Впрочем, лексикон этого нового Тютчева далек от дипломатического. Это Тютчев, не просто пришедший к зырянам, но и поживший с ними бок о бок и уже избывший в «Эдеме» и сопутствующих стихах этот постылый опыт. Стоит вспомнить, кстати говоря, что культовой фигурой в сегодняшнем понимании Тютчев никогда не был. Стихи его при жизни ценили по достоинству немногие знатоки. Книжки он издавал редко и как бы нехотя, ко всякого рода поэтическим эскападам относился брезгливо. И гимназистки его стихами никогда не зачитывались. В общем, бесспорный гений второго ряда – фигура в нашей словесности не столь уж и редкая. Это к вопросу о вакансии великого национального поэта.

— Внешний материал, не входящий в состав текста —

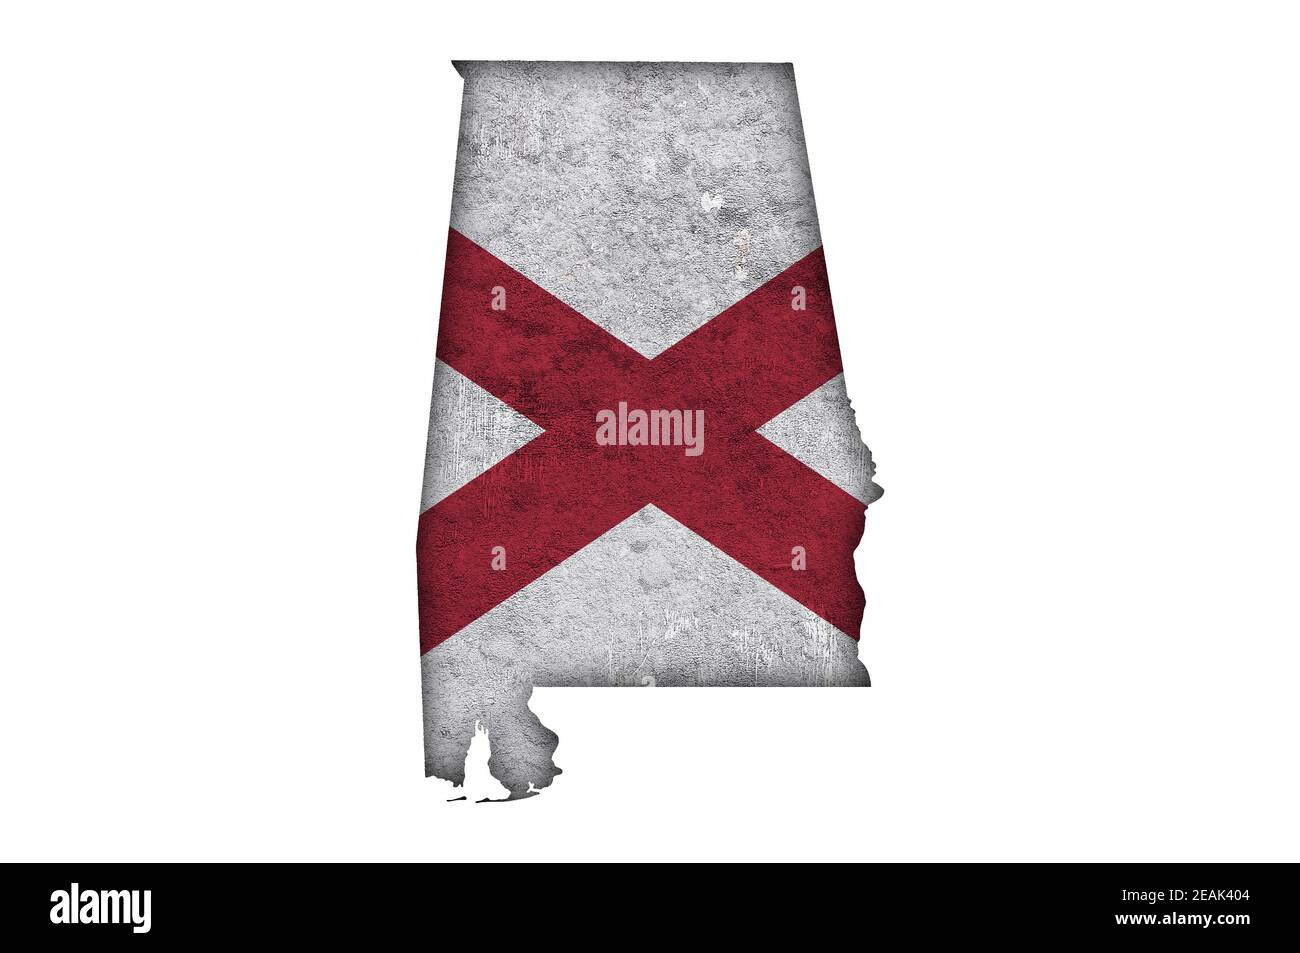 Karte und Flagge von Alabama auf verwittertem Beton Stockfoto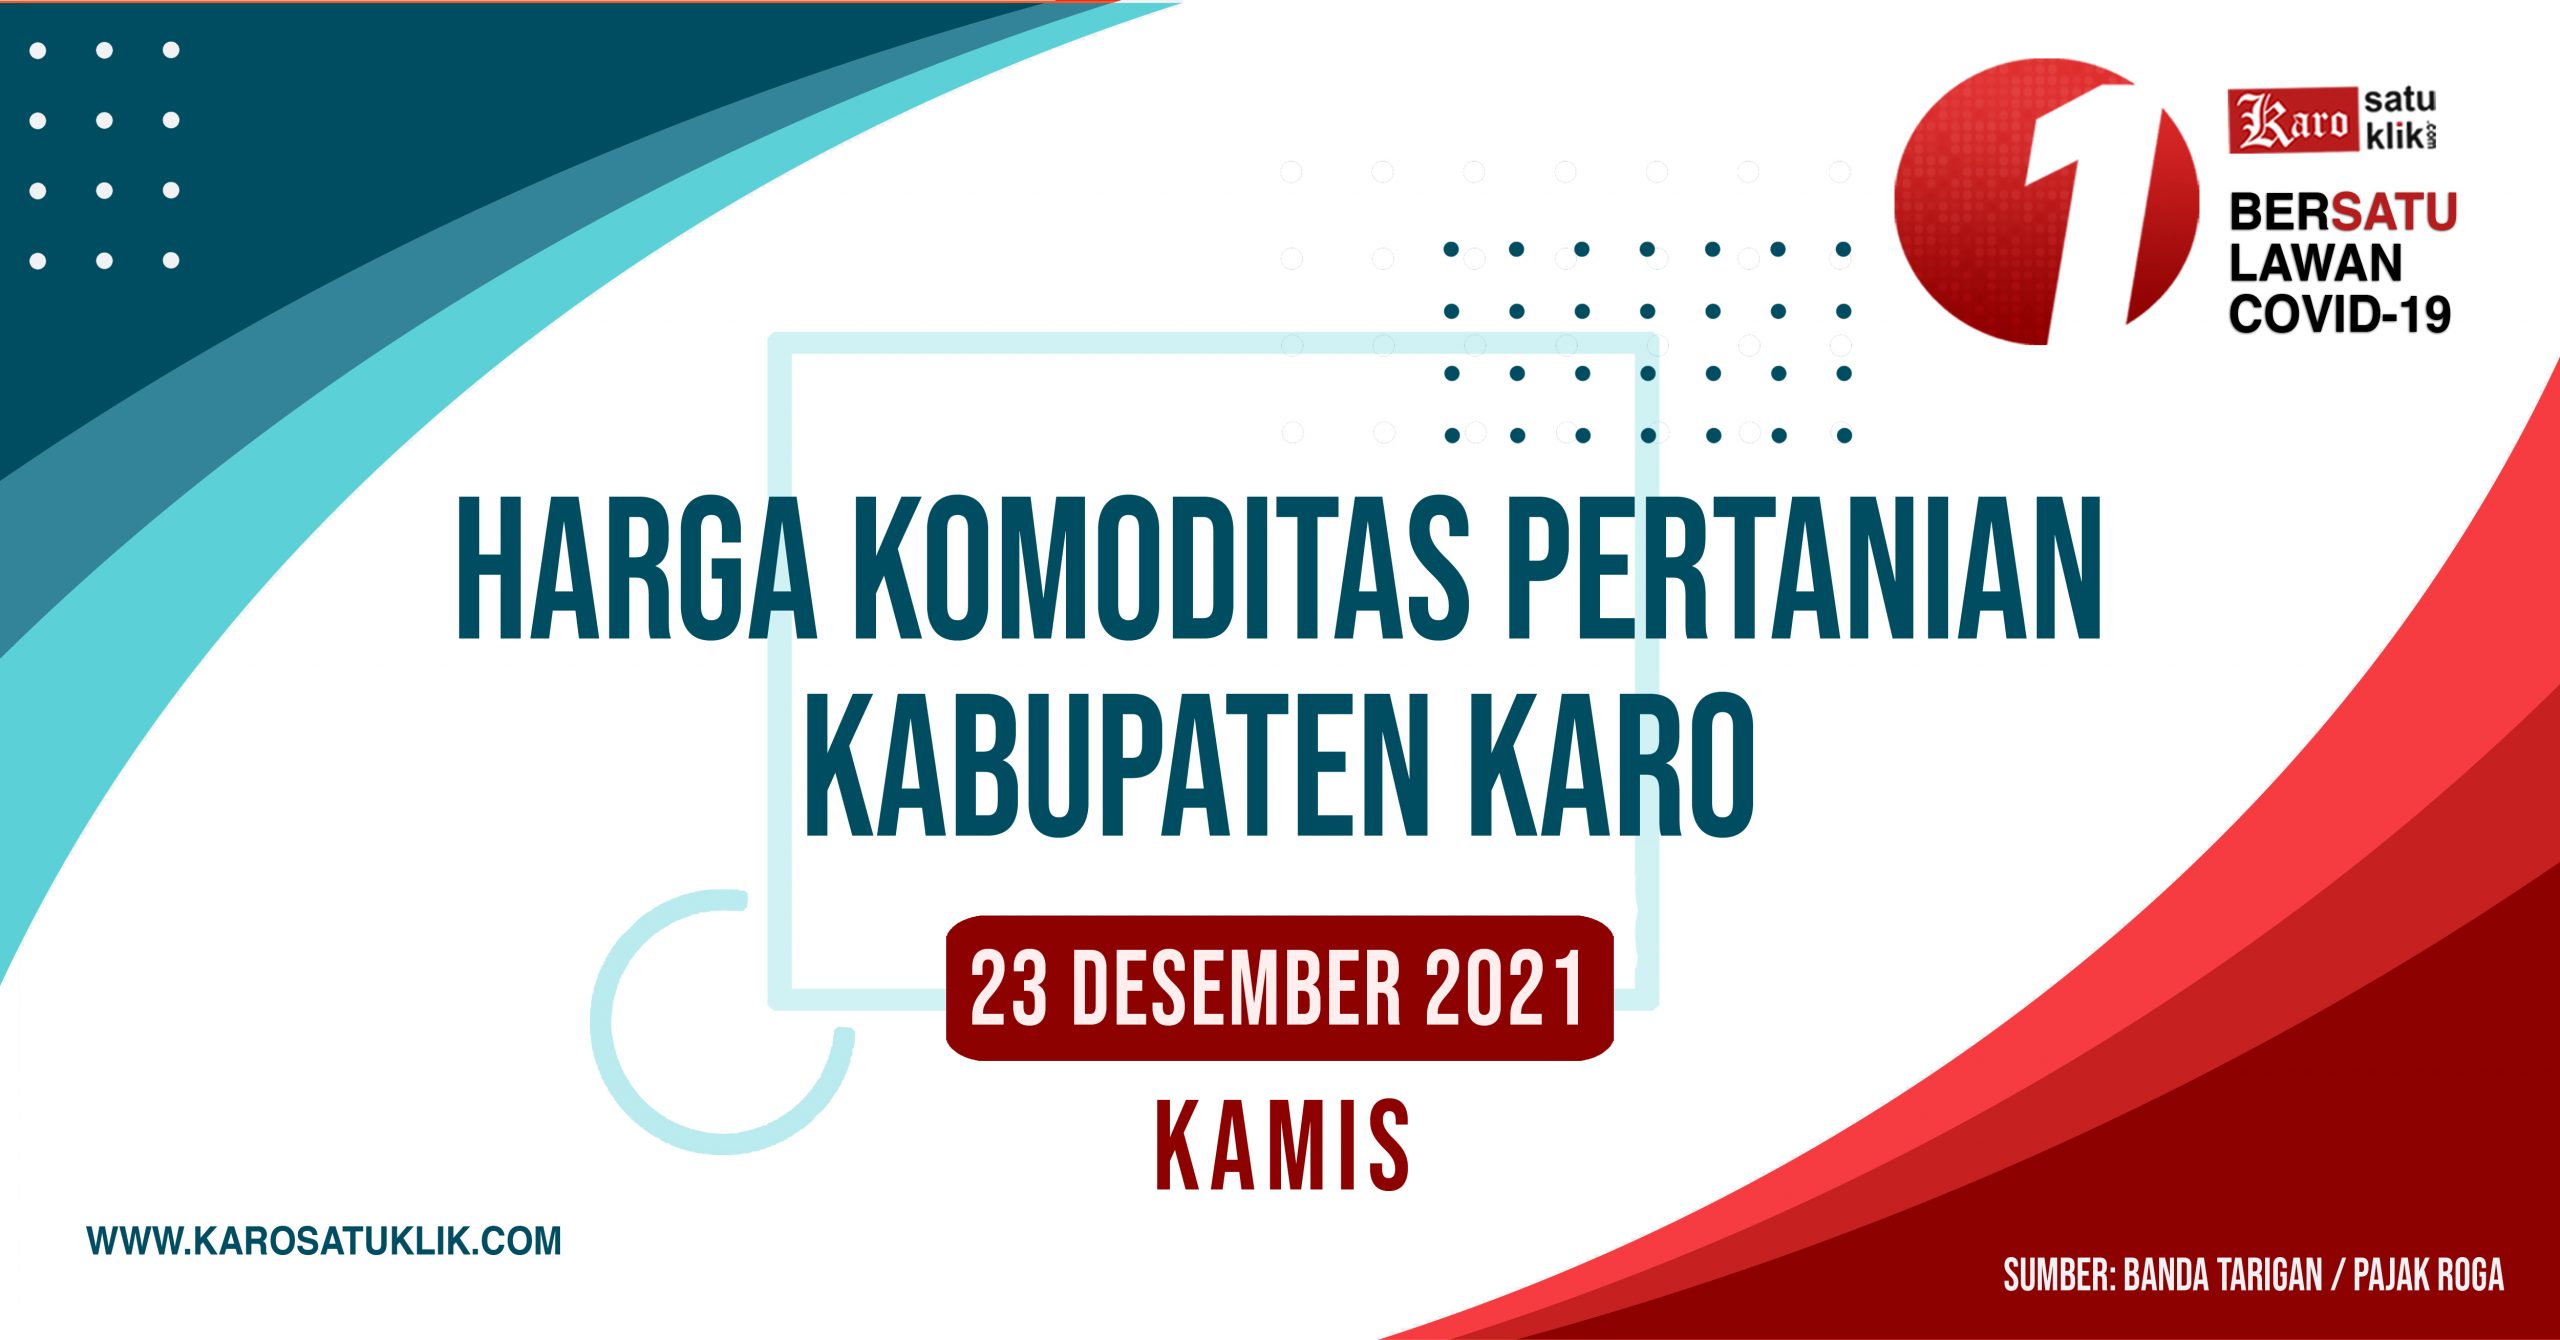 Daftar Harga Komoditas Pertanian Kabupaten Karo, 23 Desember 2021

Елена Фанайлова удивляется: нелегко было понять, когда Алексей Петрович был университетским либералом, когда – правым консерватором. «Это сочеталось в удивительных пропорциях, но было ужасно убедительным».
Я полагаю, что поэтом Цветков был вполне имперским – он был заворожен Древним Римом и почитал его вершиной человеческой цивилизации. И досады его на возлюбленное отечество, пресловутый Третий Рим, связаны прежде всего с тем, что оно не торопилось античным доблестям соответствовать. А политические воззрения – лишь производная от культуры, причем далекая: третья или четвертая. Кто теперь вспомнит, за какую римскую партию стоял Гораций?
Сегодня гневные политические инвективы Алексея Цветкова в России совсем не ко двору. Но это ненадолго, это пройдет – вернее, станет неважным. Как говорили древние: мудрец, покидающий нас, лучше, чем примкнувший к нам дурак.